Let the height of the tower be AB.

We have,

$\mathrm{AC}=5 \mathrm{~m}, \mathrm{AD}=20 \mathrm{~m}$

Let the angle of elevation of the top of the tower (i.e. $\angle \mathrm{ACB}$ ) from point $\mathrm{C}$ be $\theta$. Then,

the angle of elevation of the top of the tower (i.e. $\angle \mathrm{ADB}$ ) from point $\mathrm{D}=\left(90^{\circ}-\theta\right)$

Now, in $\triangle \mathrm{ABC}$,

$\tan \theta=\frac{\mathrm{AB}}{\mathrm{AC}}$

$\Rightarrow \tan \theta=\frac{\mathrm{AB}}{5} \quad \ldots \ldots$ (i)

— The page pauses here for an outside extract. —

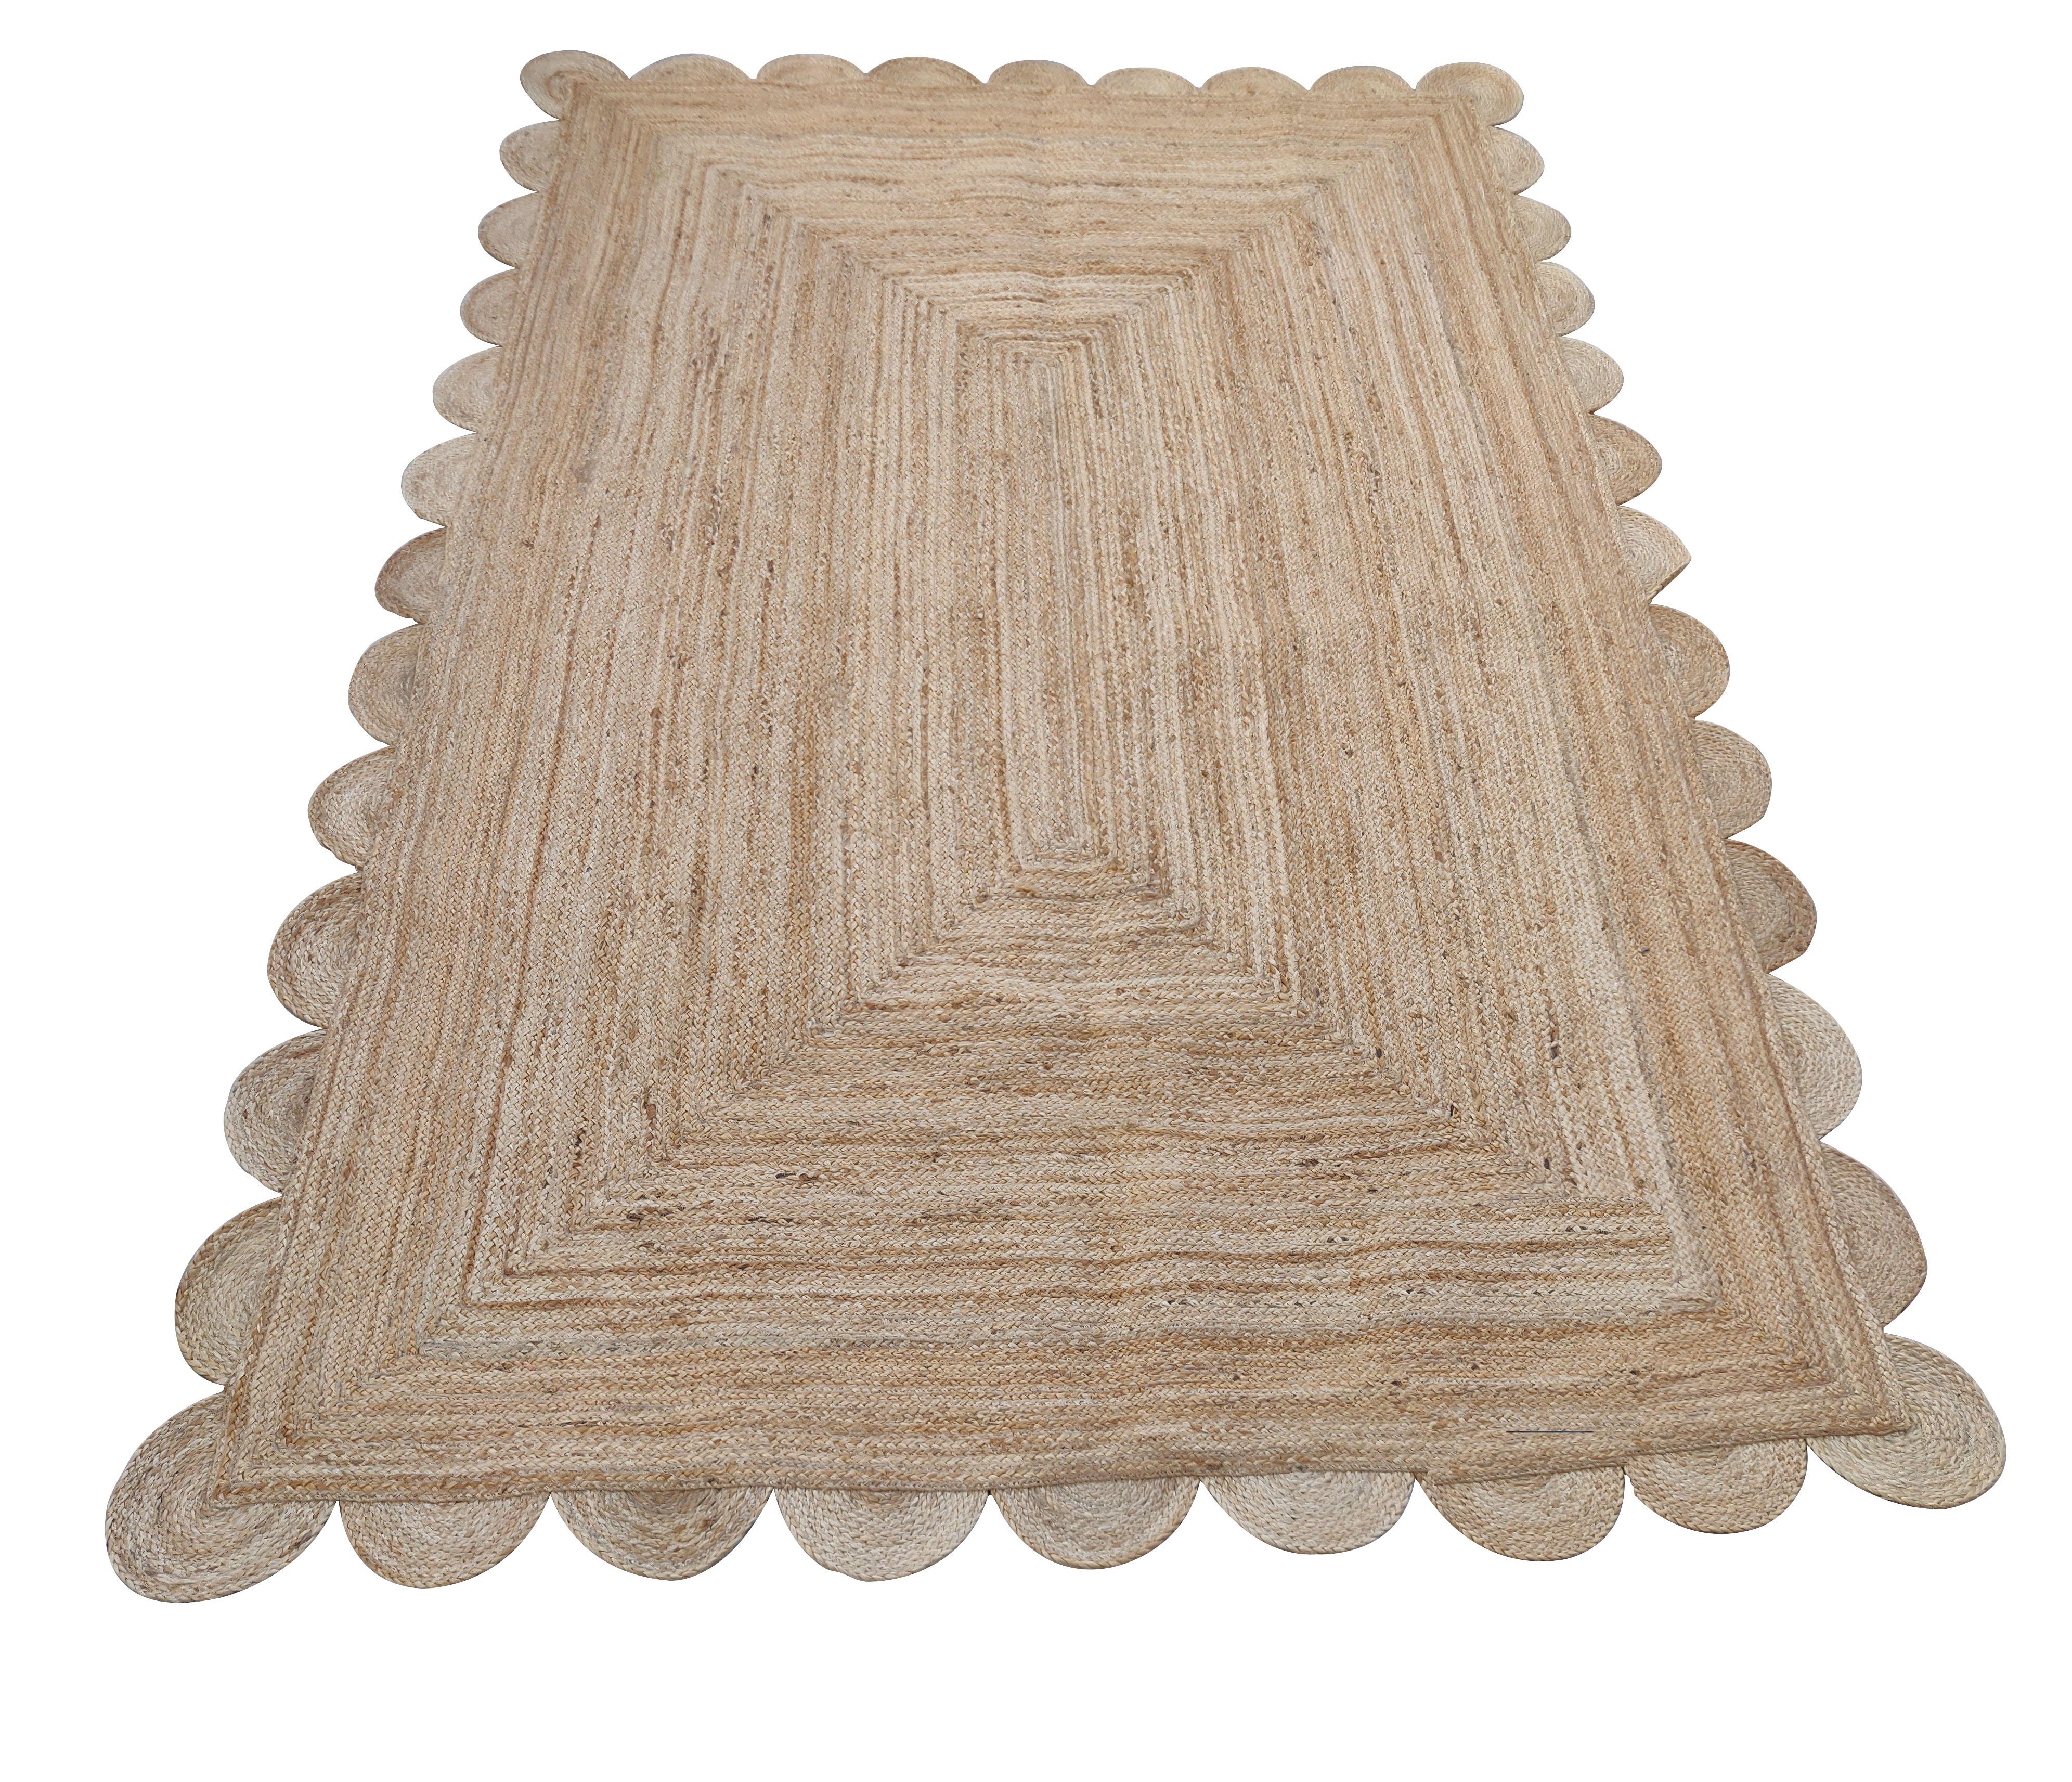 Hand-Woven Handmade Jute Area Flat Weave Rug, 6x9 Solid Jute Scalloped Indian Dhurrie Rug For Sale

Also, in $\triangle \mathrm{ABD}$,

$\cot \left(90^{\circ}-\theta\right)=\frac{\mathrm{AD}}{\mathrm{AB}}$

$\Rightarrow \tan \theta=\frac{20}{\mathrm{AB}} \quad \ldots$. (ii)

From (i) and (ii), we get

$\frac{\mathrm{AB}}{5}=\frac{20}{\mathrm{AB}}$

$\Rightarrow \mathrm{AB}^{2}=100$

$\Rightarrow \mathrm{AB}=\sqrt{100}$

$\therefore \mathrm{AB}=10 \mathrm{~m}$

So, the height of the tower is 10 m.